Thanks, Nicolas. You hit them all right there. I'll start and then pass it over to Antonio. First of all, we ended the first quarter with more cash than we thought, right? We upsized the exit financing. So we feel very comfortable where we are right now. We have just under $1 billion in available liquidity. And so we immediately -- we feel very good about our starting position going into things. Other things that I highlighted, our plan was at $5.50. The exchange rate now is at $4.98, right? And so you have seen the government be very proactive. They do not want to see capacity cuts in the market, right? So the government has done a lot of things.
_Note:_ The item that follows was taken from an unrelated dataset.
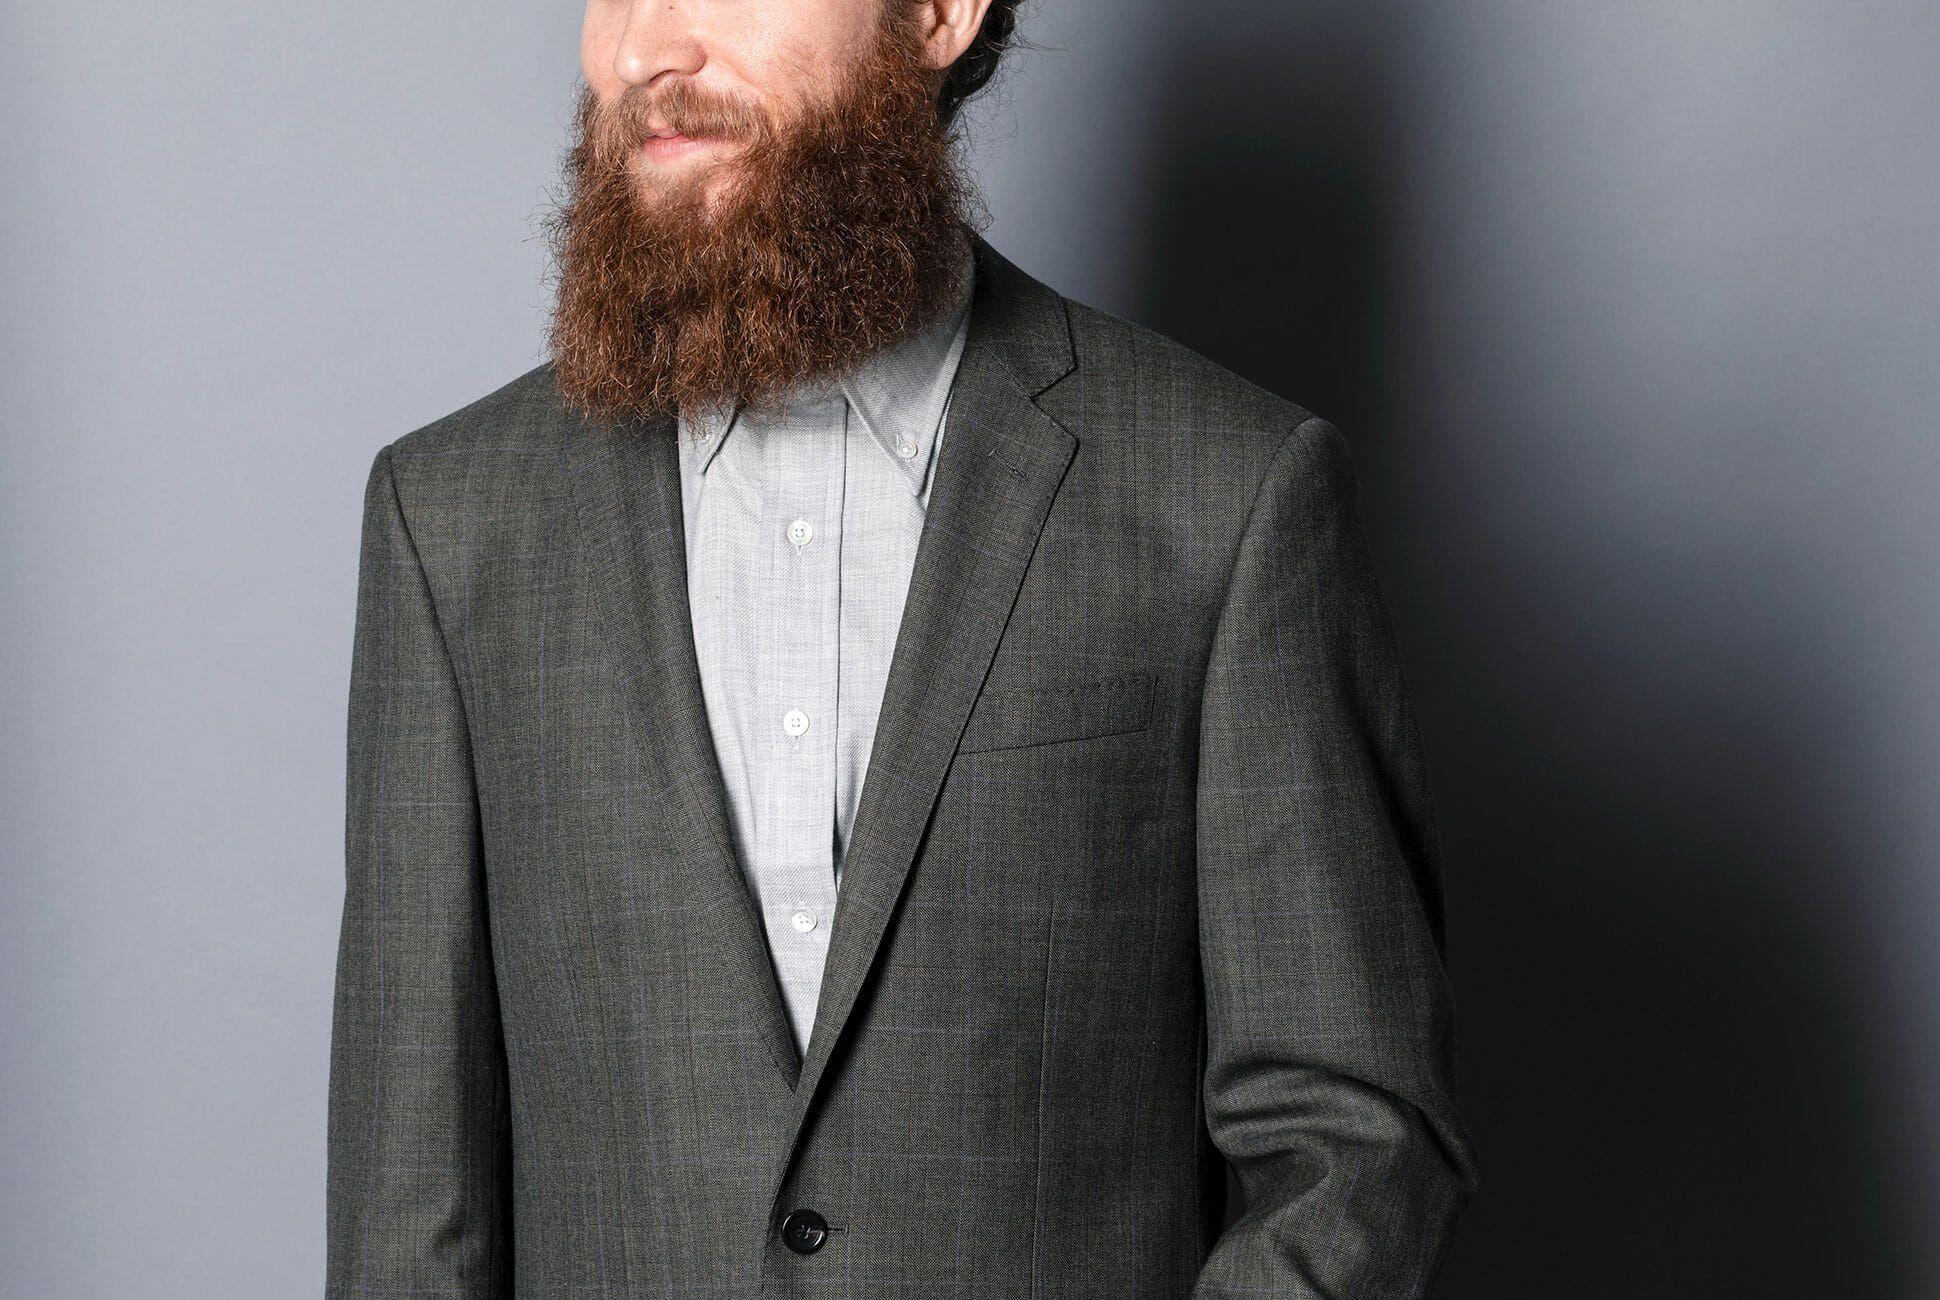 10-best-suits-under-1k-gear-patrol-editor-pick-jcrew-1

There's a lot of different lines that we're looking at as an industry, and we see that as a positive thing. They're acting in a very proactive manner. So I think that's exciting. As for TAP, they owe us the money. They know they owe us the money. Everybody knows they owe us the money. And so I think that there's a commercial relationship with TAP that we continue to have, and they're in a privatization process as we speak. And so we're excited to get that resolved later this year. And we think that a friendly solution is always the best resolution to something, especially as they're in a privatization process. And in many cities in Brazil, we are the #1 connecting partner for them. But I'll pass it over to Antonio because there's the government. There's a lot of things happening and a de-levered balance sheet just opens up tremendous opportunities for us.

Antonio Garcia

Executives
#35

Yes. Thanks, so. Nicolas, thanks for the welcome. And in regards to the lines of credit, we are back on the street after the Chapter 11, and it's not only the government line, but we have the other bankers also in discussion right now. And we are evaluating the best options for Azul to get this money, either for the government or for the private banks, I would say. I'm sure we will have access based on my previous experience for those lines and still this year.

Operator

Operator
#36

Okay. This concludes the Q&A session for today. We will now turn the call to John so that we can make the closing remarks, please.

John Rodgerson

Executives
#37

Thanks, everybody. And I just want to thank everybody, and we look forward to seeing people in New York and talking to investors on the sell side as we prepare the company for our relisting in New York. Thanks, everybody.

Operator

Operator
#38

Thank you. This concludes the Azul's audio conference call for today. Thank you very much for your participation, and have a good day.